Radiomonitor is a British music company that tracks the worldwide airplay of songs, with the information given to record labels and radio stations. They have established partnerships with several international companies located in Ireland, Australia and South Africa, and compiled several airplay charts in the United Kingdom in contrast to the Official Charts Company's physical sales-based UK Singles Chart.

Background
Radiomonitor tracks the airplay data of songs played on different multimedia platforms in over 97 countries, which is subsequently accessed by record labels and news publications through their official app, e-mail, or a data feed.

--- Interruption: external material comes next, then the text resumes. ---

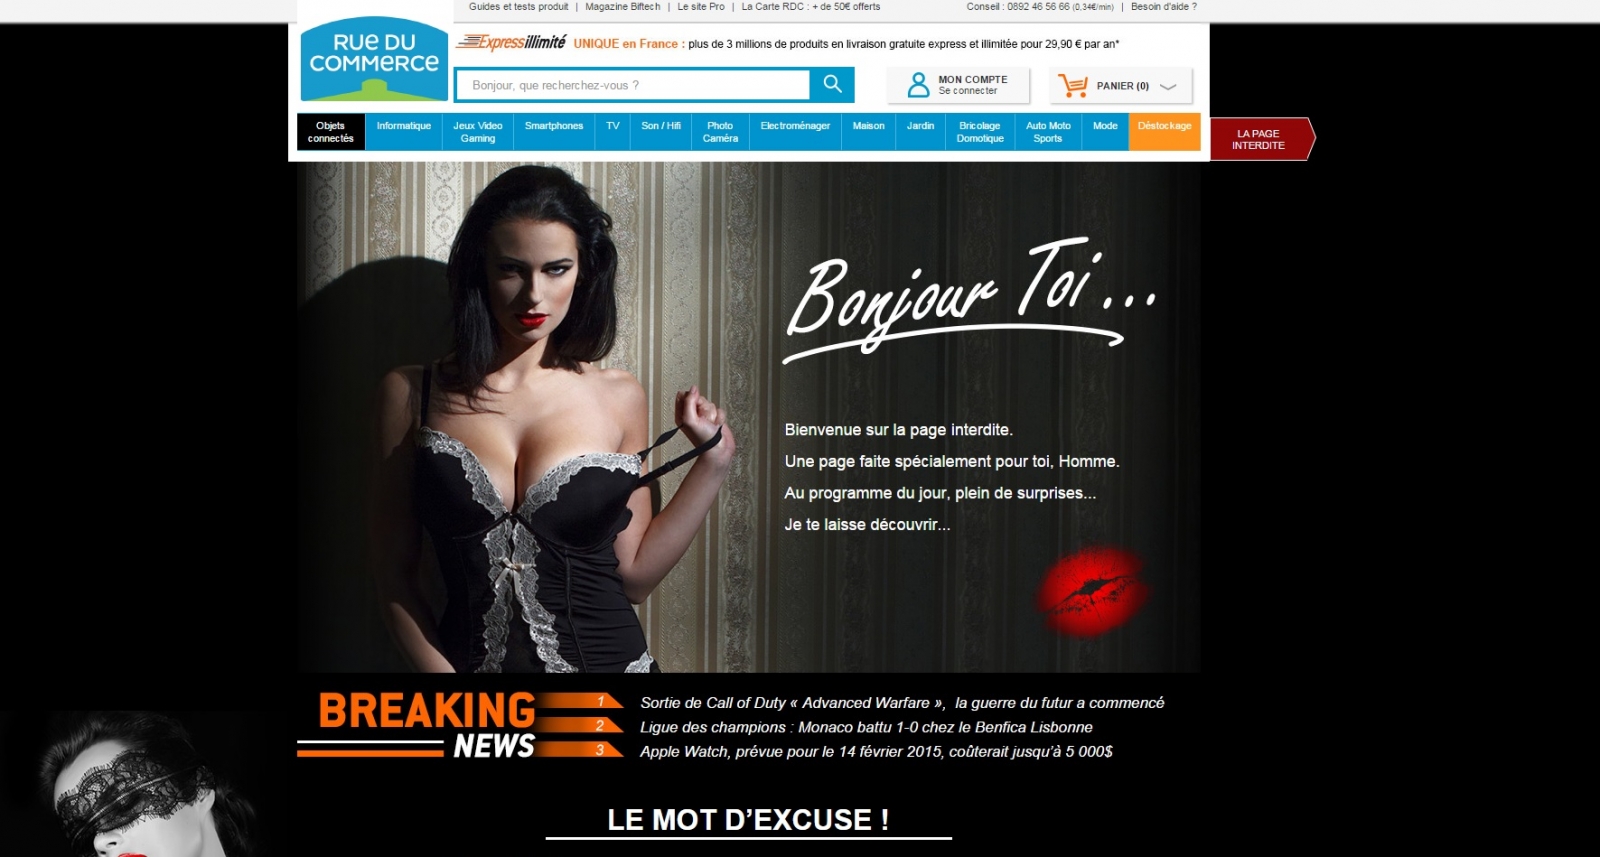 Rue du Commerce French E-Commerce Company Bans Women in Sexist Ad Campaign

The company compiles several weekly radio airplay charts such as the UK Airplay Chart and Italy's Airplay Italia. Radiomonitor has established several charts in the United Kingdom for over a decade, including the Radiomonitor Top 100, the annual Radiomonitor Marketshare, and the Radiomonitor end-of-year Top 100. The data included on the Radiomonitor charts contain several disparities to the Official Charts Company, as the former tracks the biggest airplay songs.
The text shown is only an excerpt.